We have a long standing family New Years Day meal tradition handed down from my paternal grandmother that we continue to honor - ham and cabbage for good heath and prosperity. In recent years, we've added Hopping John which is reportedly for good luck - a desirable thing.
For as long as I can remember, I've eaten ham and cabbage on January 1st. Sometimes it was ham sandwiches and cole slaw. I mildly resisted the tradition in my youth, but have carried it on with my own family. At Christmas, my nephew was talking about this particular tradition and how his mom (my sister) made him eat it, too, demanding at least one bite of each. Amidst our relatively large family of 35 people consisting of four generations (only four were not able make it this year), he acknowledged that there must be something valid to it, because everyone is doing well.

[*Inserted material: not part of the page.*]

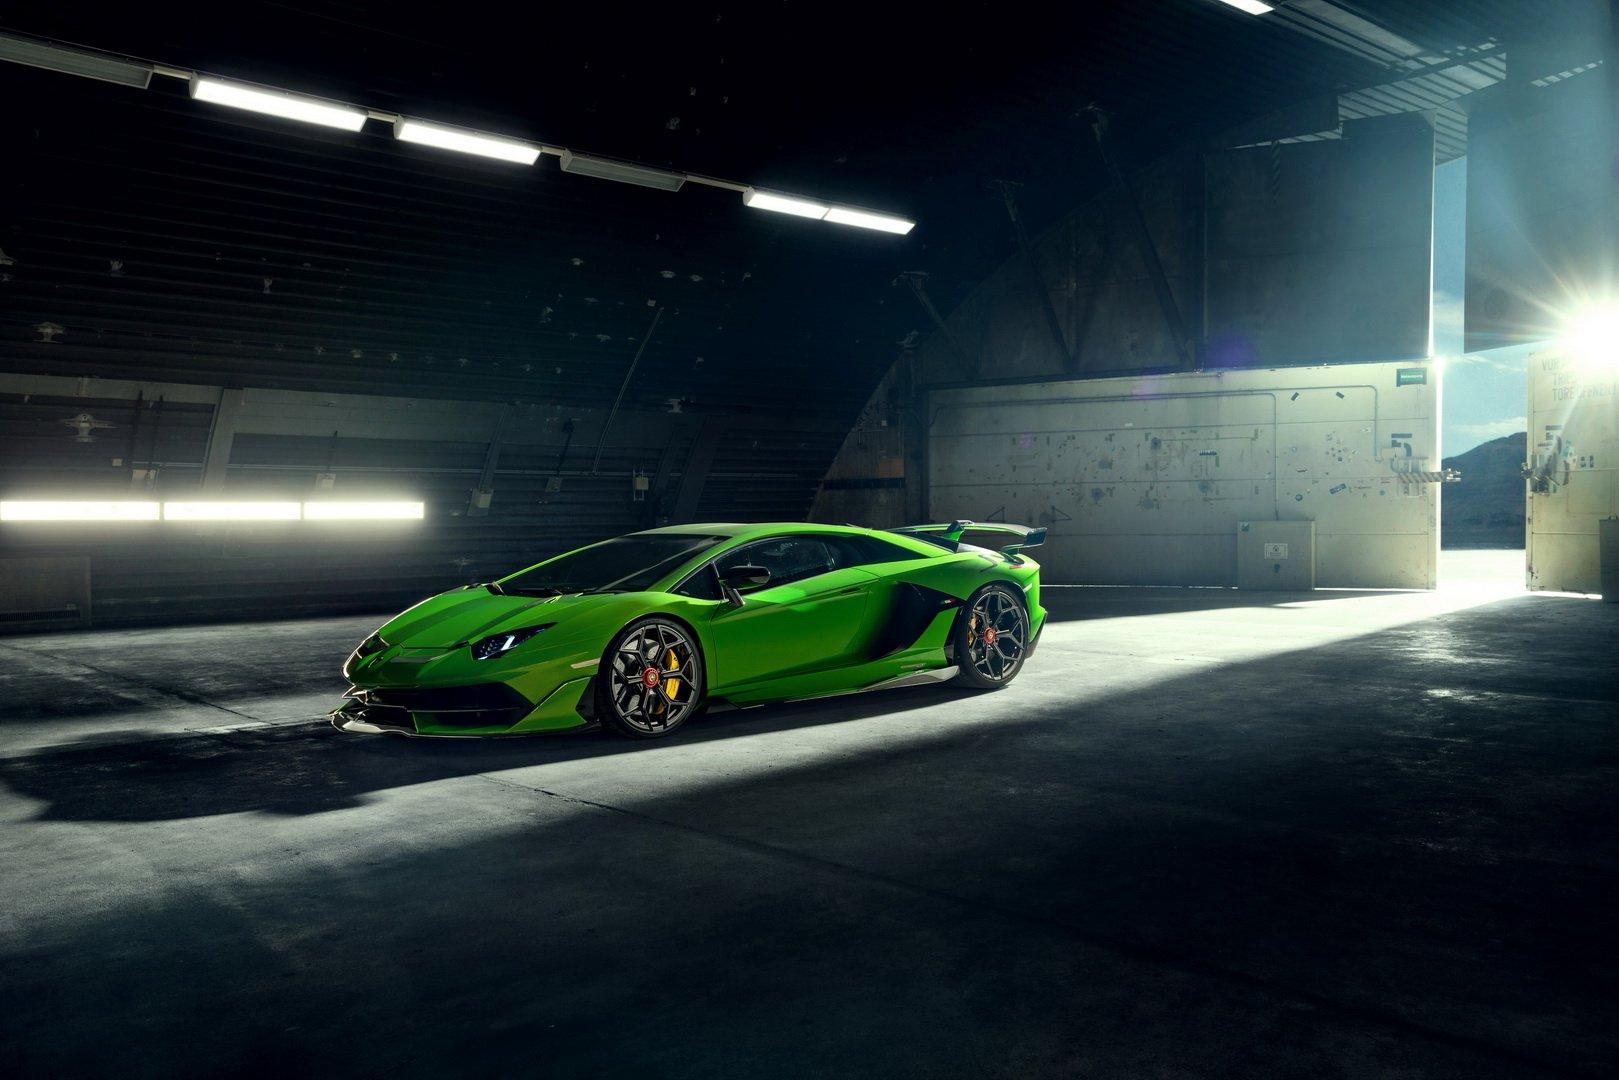 Lamborghini-Aventador-SVJ-by-Novitec-7

So today, I baked ham, made a sautéed cabbage recipe and Hopping John. I bought the smallest bone-in ham at the store - 7# and baked it plain - 20 minutes per pound at 325. I didn't add any glaze or sauce because I have plans for the remainder that would not work with any kind of fruity or sweet finish.
John is not fond of steamed cabbage, and I was going to make a roasted recipe. In looking for it I found a sautéed recipe that was highly rated on AllRecipes.com. It turned out well and I saved it for future use.
I added Hopping John to the line up at John's request. I use the recipe from the Virginia Hospitality cookbook - a Junior League recipe collection I bought while on vacation in DC several years ago. The recipe follows.
Hopping John - 6 side dish servings
4 slices bacon, cut into pieces
1 small onion, chopped
1# can black eyed peas, including liquid
1/2 cup uncooked pork, cubed (I don't always add this)
1 1/4 cup water
1/2 cup rice
pinch of cayenne
salt to taste
Sauté bacon and onions until onions are tender. Add pork and cook until lightly browned. Add remaining ingredients and cook over medium heat about 25 minutes.